Miko Eric Oliver Enkamp (born August 10, 1991) is a Swedish mixed martial artist who competes in the Welterweight division of the Bellator MMA.

Background

Karate 
Enkamp grew up with martial arts as his family runs Combat Academy - a martial arts center in Täby - where he himself started training already at a couple of years old.  Having a permanent training partner in his brother would pay off and he was, among other things, selected to the Swedish junior national team in karate after traveling around Europe and competing in both Kata (his brother Jesse's specialty) and Kumite. During the years he was active in karate, he visited Okinawa in Japan several times to learn more directly from the birthplace of karate.

Kickboxing 
As a teenager, his interests expanded and he started training kickboxing after watching matches in K-1 on Eurosport. At this time, in addition to karate training, the club also had two kickboxing coaches named Anders Carlsson and Roger Wikström who helped him develop and became something of a mentor to Enkamp.

Submission grappling 
At the same time as the sport of MMA gained momentum, Enkamp became interested in grappling and began training at the club Pancrase Gym to add submissions to its technical register. Shortly afterwards, he started competing in this, which led him to a gold in the SGL - Swedish Grappling League.  Oliver attributes his creativity and movement patterns on the ground to all the years he practiced breakdance as a teenager.

Thai boxing 
As soon as Enkamp graduated from high school, he went to Phuket, Thailand and Tiger Muay Thai to practice Thai boxing . He stayed there for nine weeks and managed to attend his first professional Muay Thai match.  A match that spread widely after he won via main kick and KO in the second round.

Mixed martial arts career

Early career

Amateur 
In 2009, Enkamp received an invitation to the summer camp MMA-Academy and he signed up as the only participant from the club. Once in place, a whole new world opened up for him when he realized how deep one could dive into the technical and tactical aspects of the sport. It was the starting shot for what would be his professional MMA career. In 2010 he started competing in shootfighting (today called MMA class-B) and the following year they introduced Amateur MMA (today called MMA class-A) which he competed successfully in and became the first Swedish champion in 2011 after a six-second KO in the final match. The following year, 2012, he defended his title as Swedish champion in welterweight (-77.1 kg) before he with an amateur result of 14-1 decided to start competing professionally.

Professional 
Prior to his professional debut, Enkamp went to the Alliance Training Center in San Diego, CA, USA. There he lived upstairs in the gym for two months and trained with i.a. Ross Pearson, Jeremy Stephens, Brandon Vera, Phil Davis and Dominick Cruz. As prepared as he could be, he went since his debut match on March 9, 2013 at IRFA 4 against the Finn Kari Paivinen and won via reverse triangle throttling in the third round.
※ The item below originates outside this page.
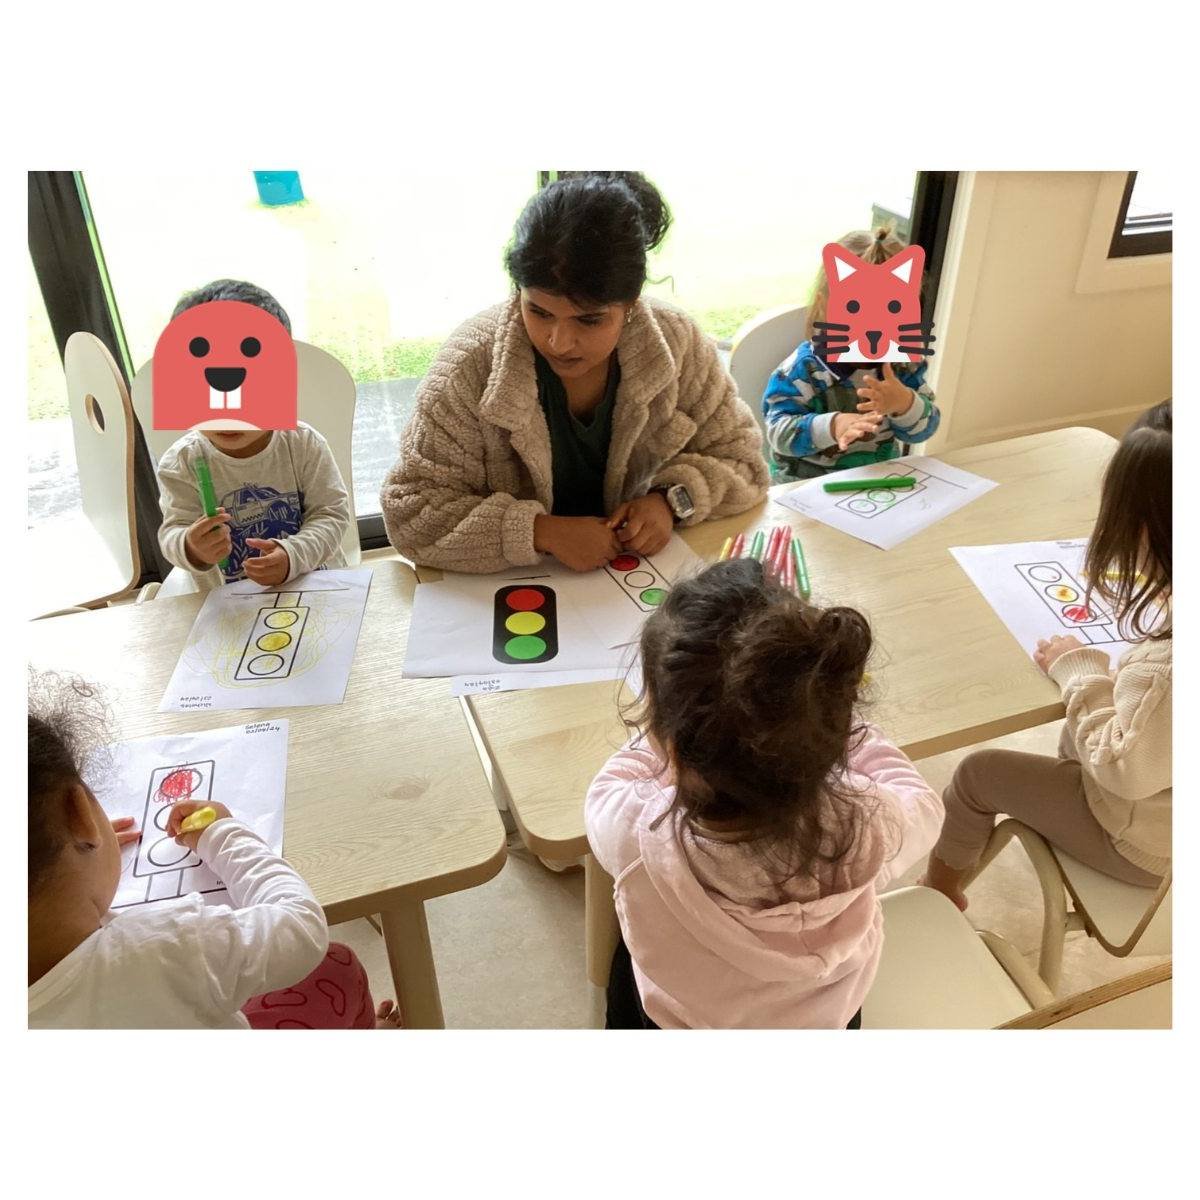 🚦 Traffic Light Fun 🚦

Our little tiny explorers learners explored traffic lights: 🟢 Go, 🟡 Slow Down, 🔴 Stop! They also participated in coloring with textures, honing their pen-holding and grasping skills. It was a playful blend of learning and

Before the next match in IRFA, Enkamp played a match at the Scanian organization Trophy MMA's second gala where he 1 June 2013 won his second professional match via rear-naked in the second round against the Swede Erik Greissen.  After that, he spent a summer with his brother in Hawaii and visited BJ Penn's gym in Hilo.

Then back under IRFA's flag, he met Georg the Swede Guram Kutateladze on April 5, 2014 at IRFA 6 and won by unanimous decision.

When he then returned to the USA, he made it to the American Top Team to wrestle with e.g. Thiago Alves and sparred with Gleison Tibau. Six months later at IRFA 7 on 22 November 2014, Enkamp met the Pole Lukasz Bieniek, whom he defeated via submission late in the second round.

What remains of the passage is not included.